Clients also subscribe to two topics:

  • the system topic
  • a topic matching the client name

Servers broadcast on the system topic to all clients. Servers broadcast on client-specific topics to address a single client.

Results gathering

Clients push check results to servers with push sockets, servers handle them with pull sockets.

Authentication

Use public key handshake. Nodes authenticate with certificates, verify, then exchange secret keys for further communications. This allows the network to run over WANs and unprotected links.

Every node, client and server, needs a private key and a certificate. If peer verification is enabled each node also needs a CA certificate.

Authentication handshakes use REQ/REP sockets.

Handshake procedure (inspired by salt authentication):

  • client sends its key/cert to the server
  • server optionally verifies client cert
  • server encrypts shared key using the client public key
  • server sends its key/cert and encrypted shared key to the client
  • client optionally verifies server cert and decrypts shared key

When clients connect, they handshake and get a key. Sockets are not bound until the key is retrieved. When clients disconnect, they close all sockets and handshake again upon connecting.

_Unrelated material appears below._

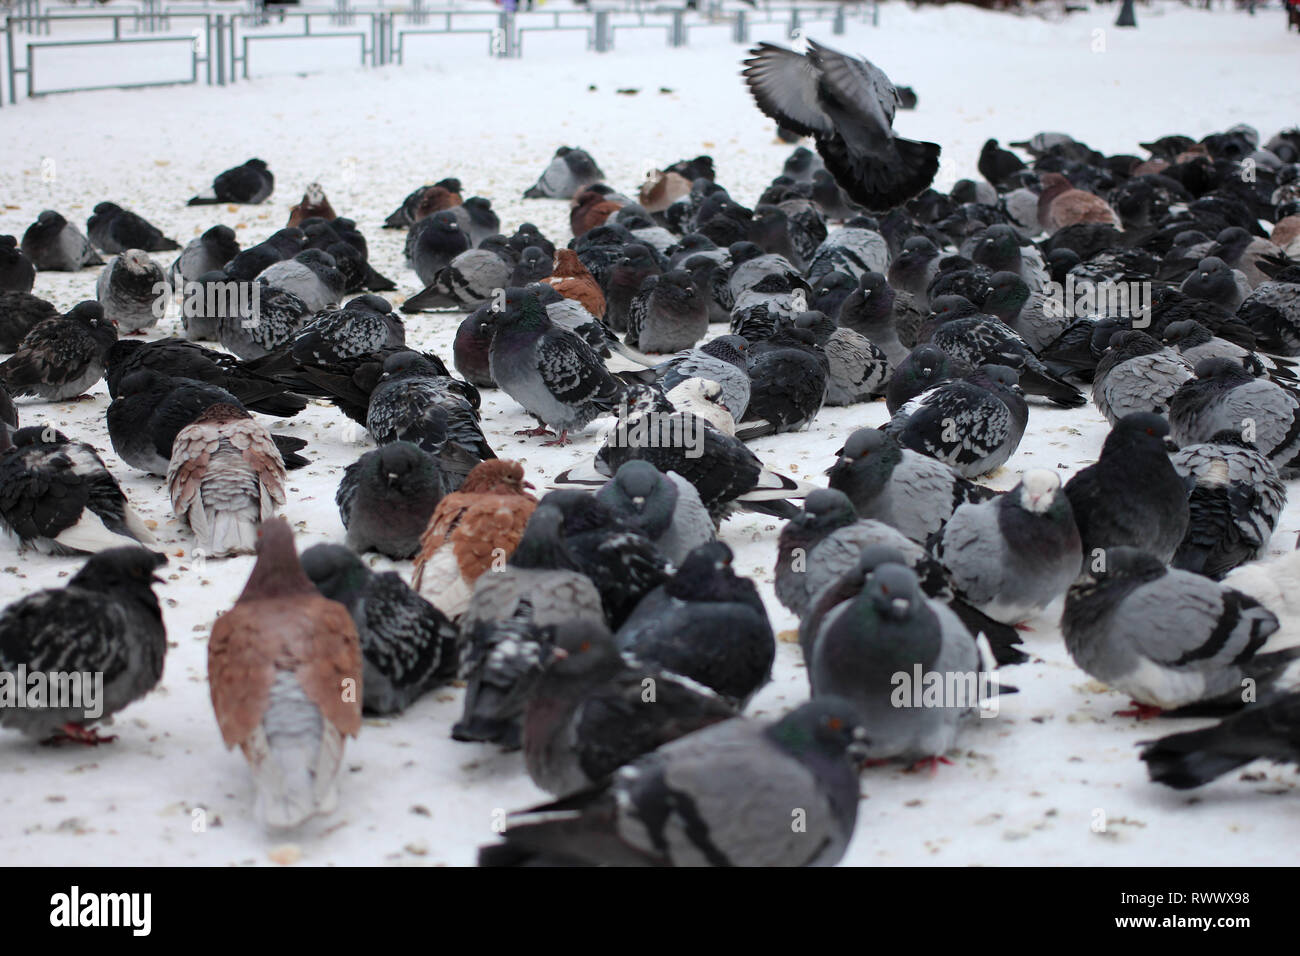 a large flock of city birds pigeons sitting on the snow in the city Stock Photo

When a client receives a message it cannot decrypt, it re-handshakes with the server.

When a server rotates the key, it broadcasts a ping encrypted with the new key. This causes all clients to re-handshake.

When a key is rotated, the old key is still valid for a short time and messages will be decrypted. However after the grace period any messages encrypted with the old key will be discarded.

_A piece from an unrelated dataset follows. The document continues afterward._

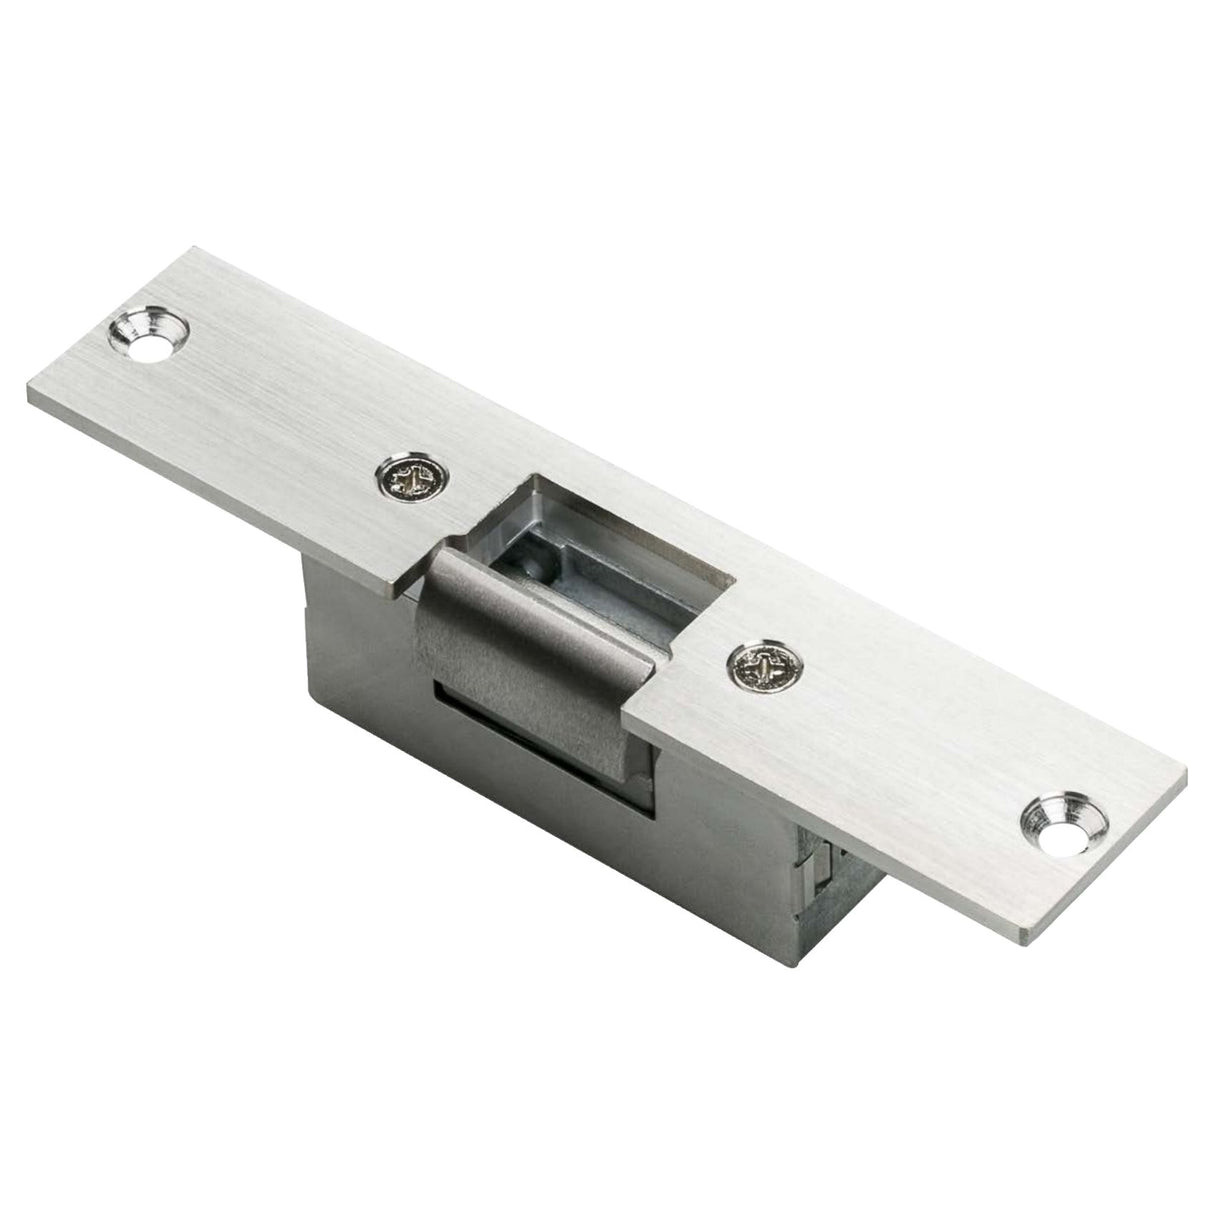 Seco-Larm SD-994A-A1SQ Reversible Electric Door Strike

Eventually all clients that are receiving broadcasts from the server will get the new key when they fail to decrypt pings.

Keepalives

Clients send keepalives to servers via the result push sockets. Servers handle keepalives with phi accrual failure detectors similar to cassandra. Failure detector arrays are backed by redis lists so servers can remain stateless.

Multiple servers

Servers use leader election. The leader is the only server that broadcasts. All servers handle responses. Eventually servers could divide responsibilities for broadcasting.

Redis failover

To be truly redundant, we must support automatic redis failover.

Redis failover is coordinated using a separate pubsub channel between servers only.

The strategy is similar to this project: https://github.com/jbaudanza/redis-failover

Servers constantly ping redis. If a server notices that redis is down, it broadcasts a query to ask if other servers have seen the master. The redis server is said to be on probation.

If that server receives a reply, it forwards any responses it was handling to the server that responded and disconnects until it can reach redis again.

If the server does not receive a reply before the end of the probation period (or receives a sufficient number of nacks), it promotes a slave and broadcasts the slave that was promoted.

The servers continue to ping the former master, and when it comes back online the leader tells that master to become a slave of the current master.

If a server receives a query broadcast, it first pings the suspected redis server. If it receives a reply, it responds with ack. If it is unable to connect, it responds with nack. It avoids doing anything to redis while the probation timeout is occurring.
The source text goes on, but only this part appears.